The baby girl has been delivered and immediately identified as being afflicted with Down’s Syndrome, casually referred to at the time by now-abominable term mongoloid. The rash decision is made: charge his nurse—for the husband is an orthopedic surgeon—with maintaining a lifelong vow of silence and with the duty of getting the child to a proper institution capable of dealing with such birth defects. The husband’s rashness and moral cowardice fail to take into consideration, however, that not all the world is created from the same psychological mold. The rare arrival of heavy snowfall in town has been the determining agent of fate which has kept the obstetrician from arriving, forcing the orthopedic surgeon into a medical emergency not within his purview. Before that, however, fate had unknowingly intervened when the doctor had hired a nurse whom he could never have predicted would wind up raising his daughter rather than following his orders. And, as the saying, this changes everything.

He liked that bones were solid things, surviving even the white heat of cremation. Bones would last; it was easy for him to put his faith in something so solid and predictable.

Narrator

David's specialty as a bone doctor gives insight into his personality because it shows that he yearns stability and order in his life. Bones are described as "solid and predictable" which parallels his methodical personality and his lack of spontaneity. Additionally, the intentional detail of bones surviving in the heat of cremation shows that bones, much like David, remain methodical and withdrawn until the very end, even in the face of adversity. While bones can be interpreted as a symbol for David, bones also represent David's family. A major part of David's job is watching bones break and mend themselves back together. Much like the bones, his family also broken by the "death" of Phoebe, as her "death" caused David and Norah to drift further apart. The whole premise of the book follows how David and Norah try (and fail) to mend their family back together. In this way, bones are not only his career, but also represent his life.
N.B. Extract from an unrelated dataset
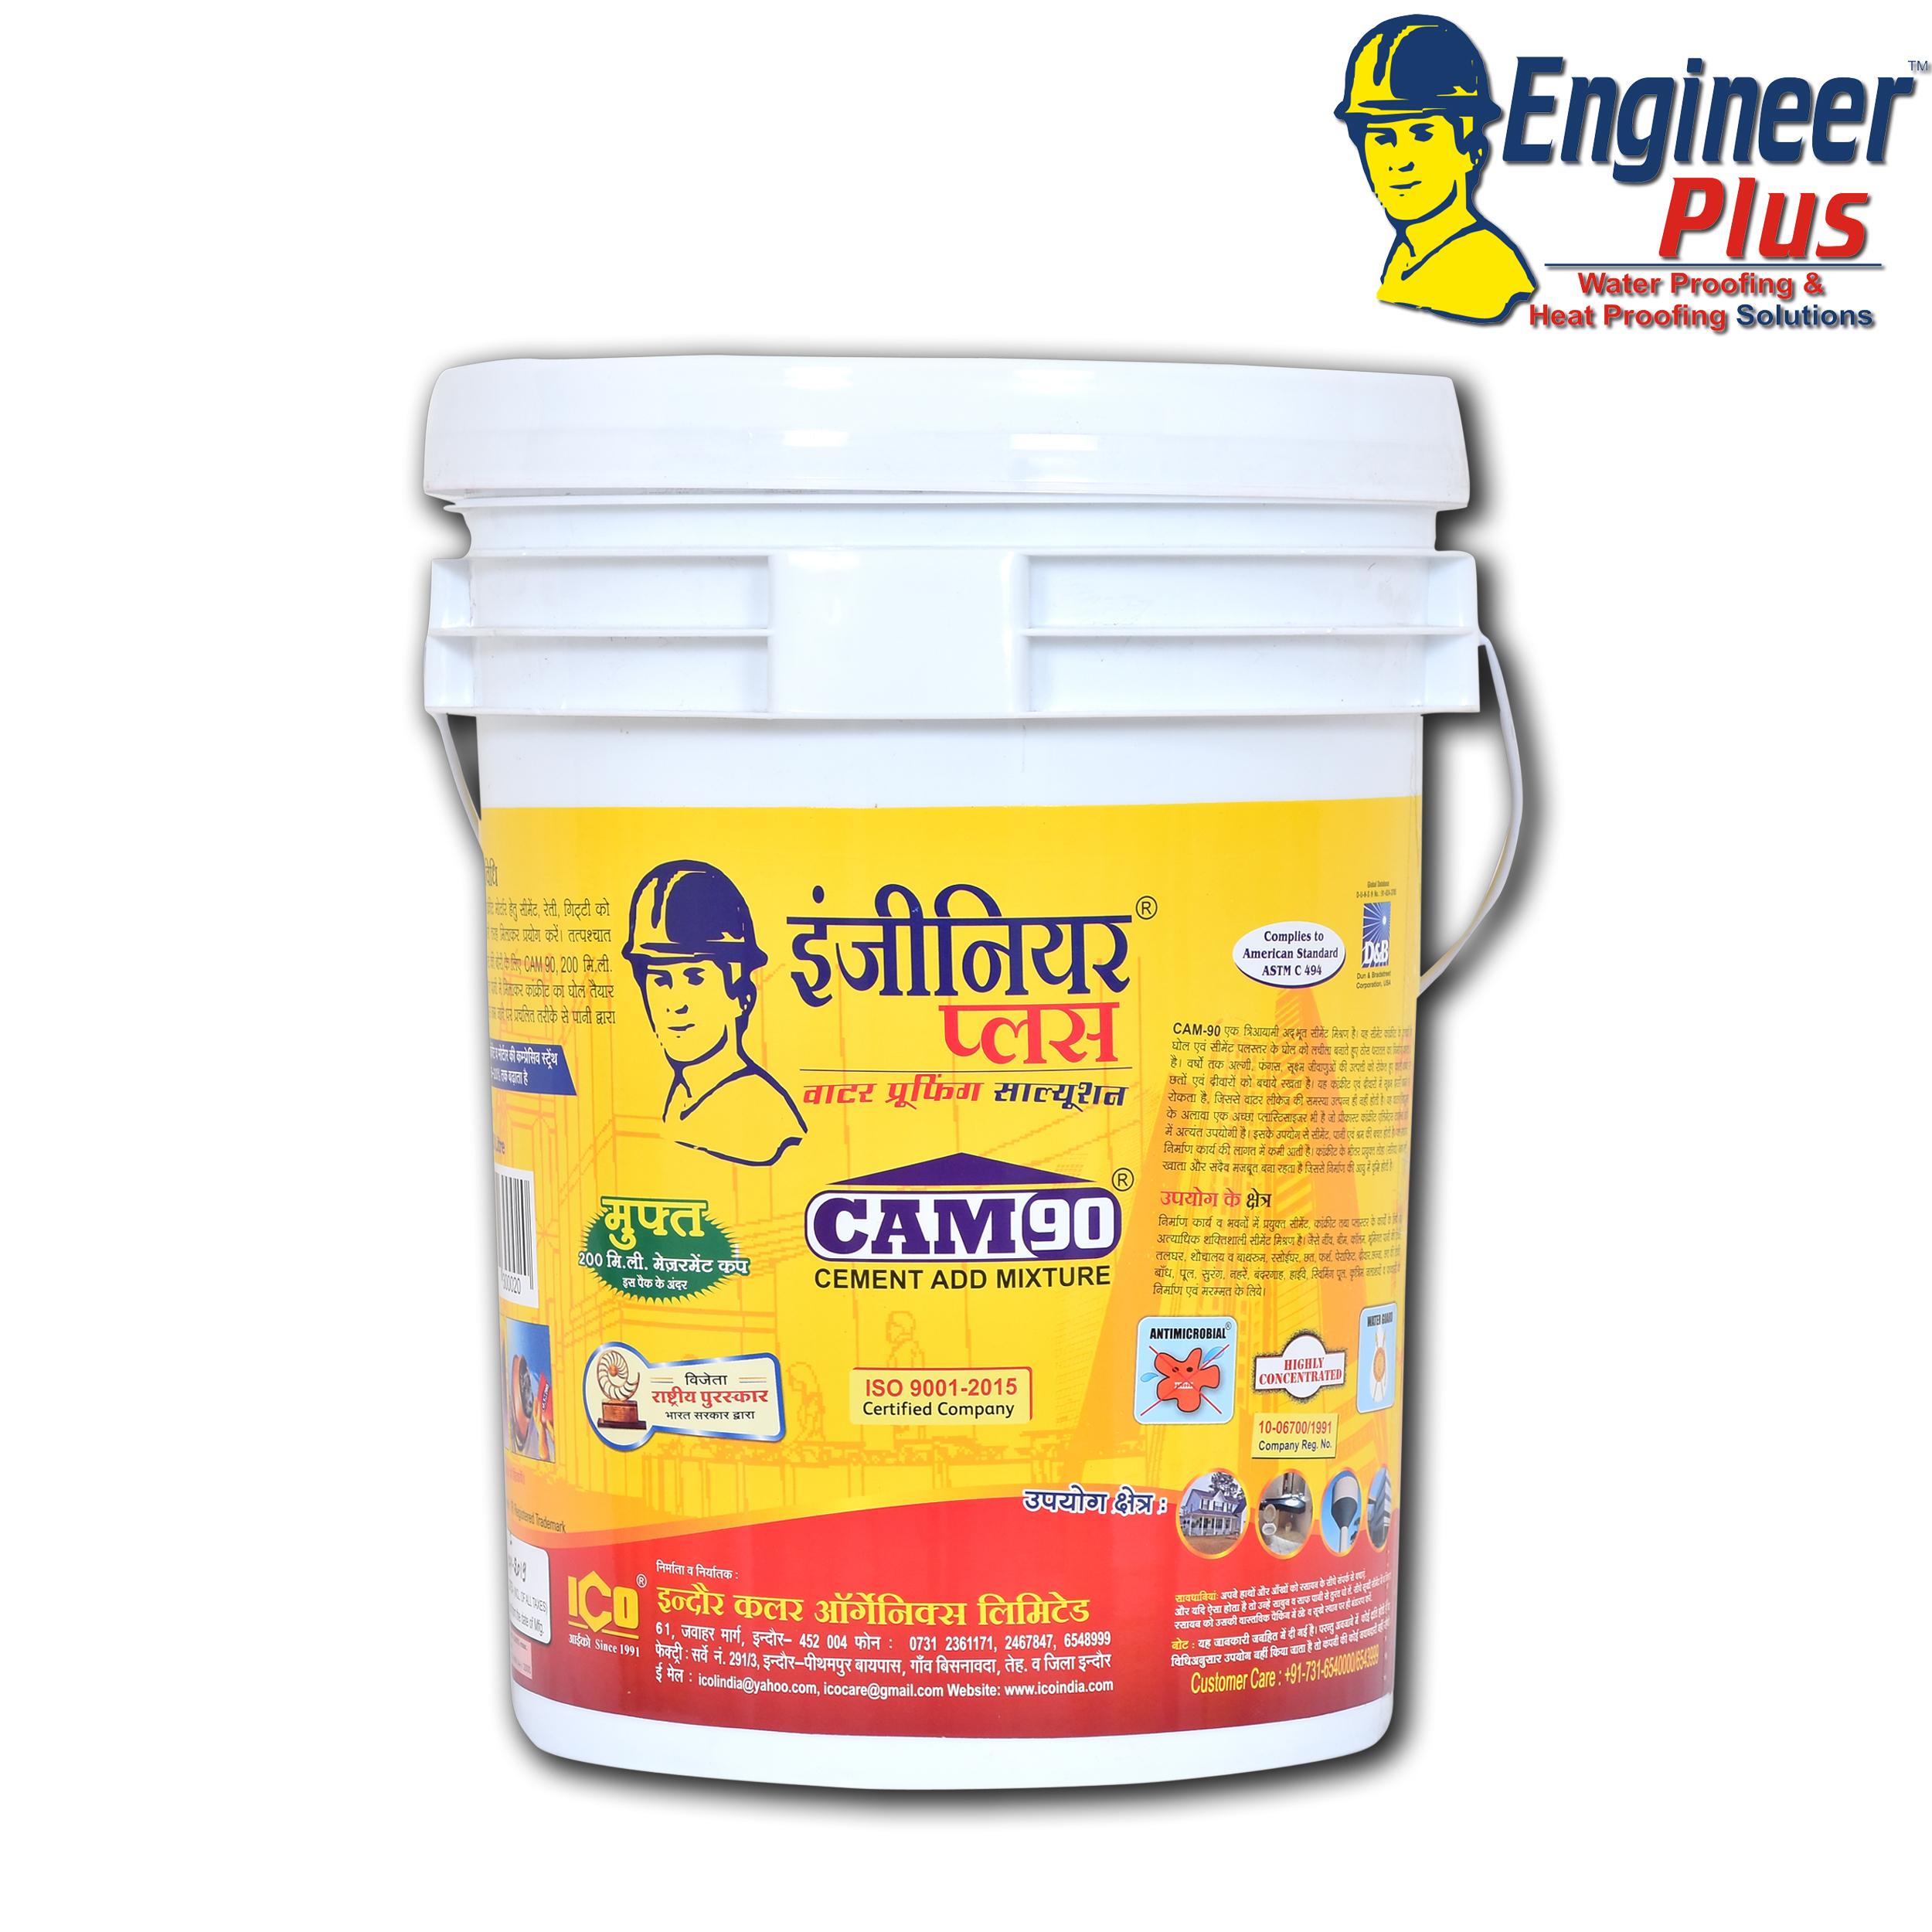 CAM 90 Waterproofing Chemical

Now and then when she went into an office in Lexington, Norah would find a photo, anonymous yet eerily familiar too—some curve of her body or a place she had visited with David, stripped of its original meaning and transformed: an image of her own flesh that had become abstract, an idea.

Narrator

The photographs of Norah and her body being “stripped of its original meaning and transformed” are a metaphor for Norah’s life. She is unable to fulfill the role of being Phoebe’s mother, something that has caused her a lot of grief and hardship. However, what she doesn’t know is that this role was stripped away from her by David himself. Because she does not know this, she does not see David as the cause of their grief and the cause of their distance brought about by the differing ways in which they cope with the loss of Phoebe. Instead, she tries to bridge the gap between her and David by understanding the way in which he copes with the loss of Phoebe, which is photography. However, when she becomes involved in his photography, she realizes that they are not growing closer, but rather, farther apart. She realizes that he doesn’t see her as herself, but merely as a subject to be photographed. David is so consumed by the loss and regret of giving Phoebe up, that coping with this loss consumes him, rather than moving on.